The source project of this merge request has been removed.
Async VM bind PoC
Put together a PoC based on @danvet 'Option 3: Recoverable vm' on the list with a few twists:
- No need for VM_UNBIND_FOR_MEMORY_RECLAIM flag, just don't set the async flag when VM unbind during reclaim
- Uses user memory + ufence to report VM bind error which kicks off reclaim (NIY, but super simple to do so, have uAPI header)
- async VM binds never actually fail (e.g. the user never needs to resubmit them), rather after the reclaim completion is signaled via XE_VM_BIND_OP_RESTART the errored async VM bind is retried
Implemented in last 11 patches which should tell a fairly clean story.

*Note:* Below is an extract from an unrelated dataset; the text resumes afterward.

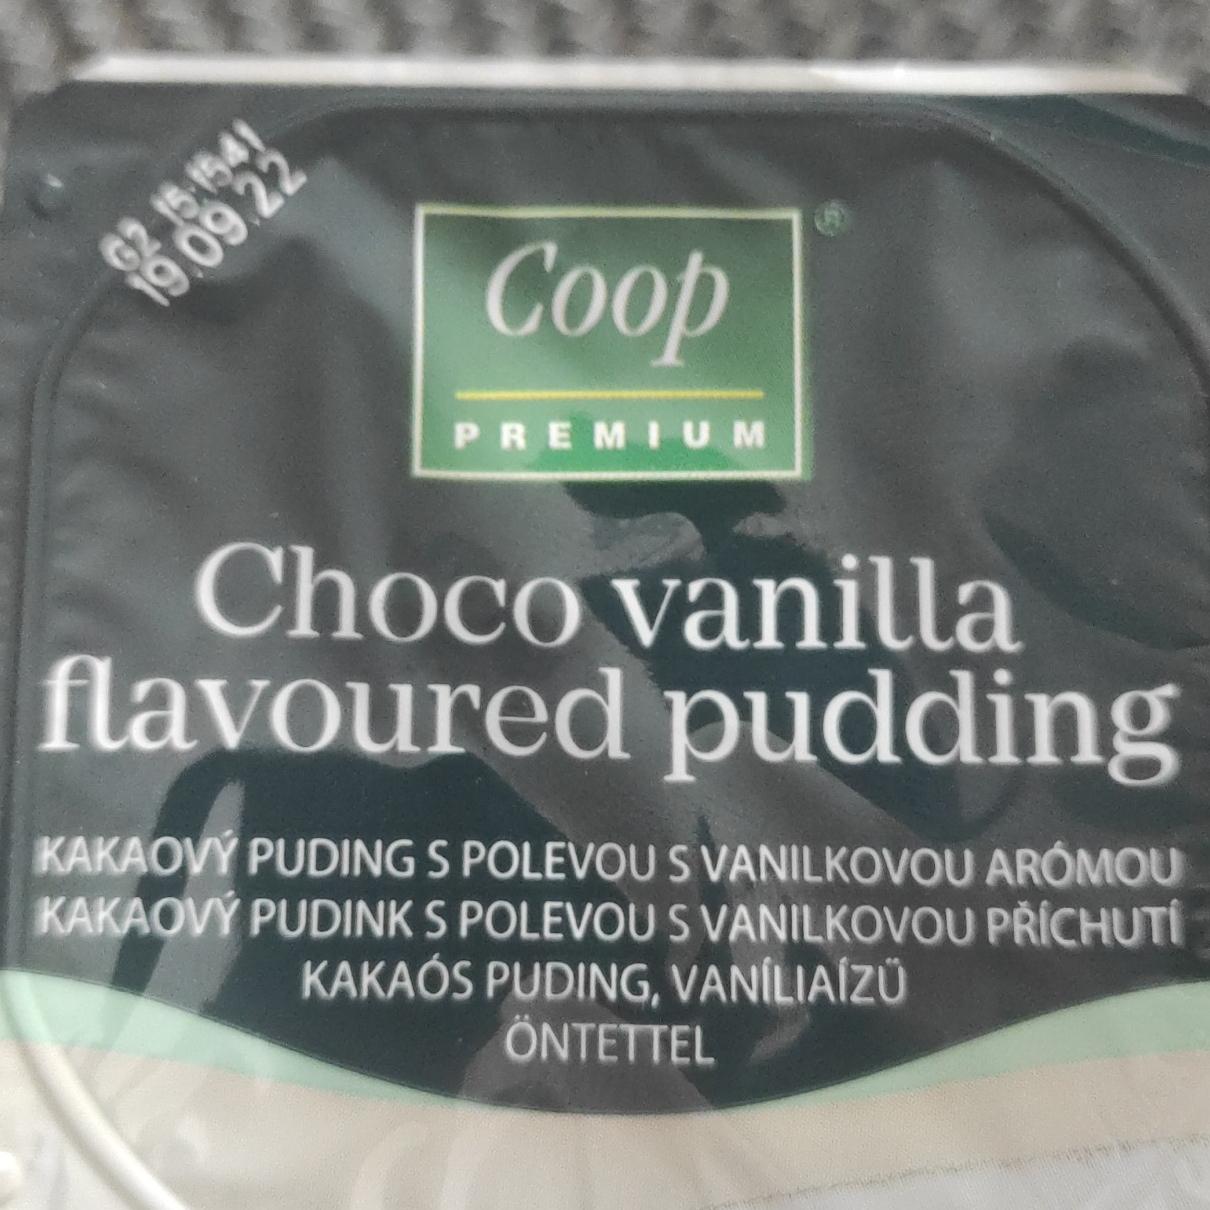 Fotografie - Choco vanilla flavoured pudding Coop Premium

Mostly working, https://gitlab.freedesktop.org/drm/xe/igt-gpu-tools/-/merge_requests/4, passes or at least doesn't hang 85% of the time with async binds (100% non-hangs with sync binds). Not worried about the hang, just got to root cause.
Opens:
- @danvet getting a DRM_XE_SYNC_SYNCOBJ out of a VM bind didn't work without adding a async_op_fence to occupy syncobj fence slot. I know you have mentioned that syncobj support future fences, would that be the DRM_XE_SYNC_TIMELINE_SYNCOBJ semantic? If that works without async_op_fence (haven't tried this), perhaps we drop DRM_XE_SYNC_SYNCOBJ or disallow this with an async bind?
Edited by Matthew Brost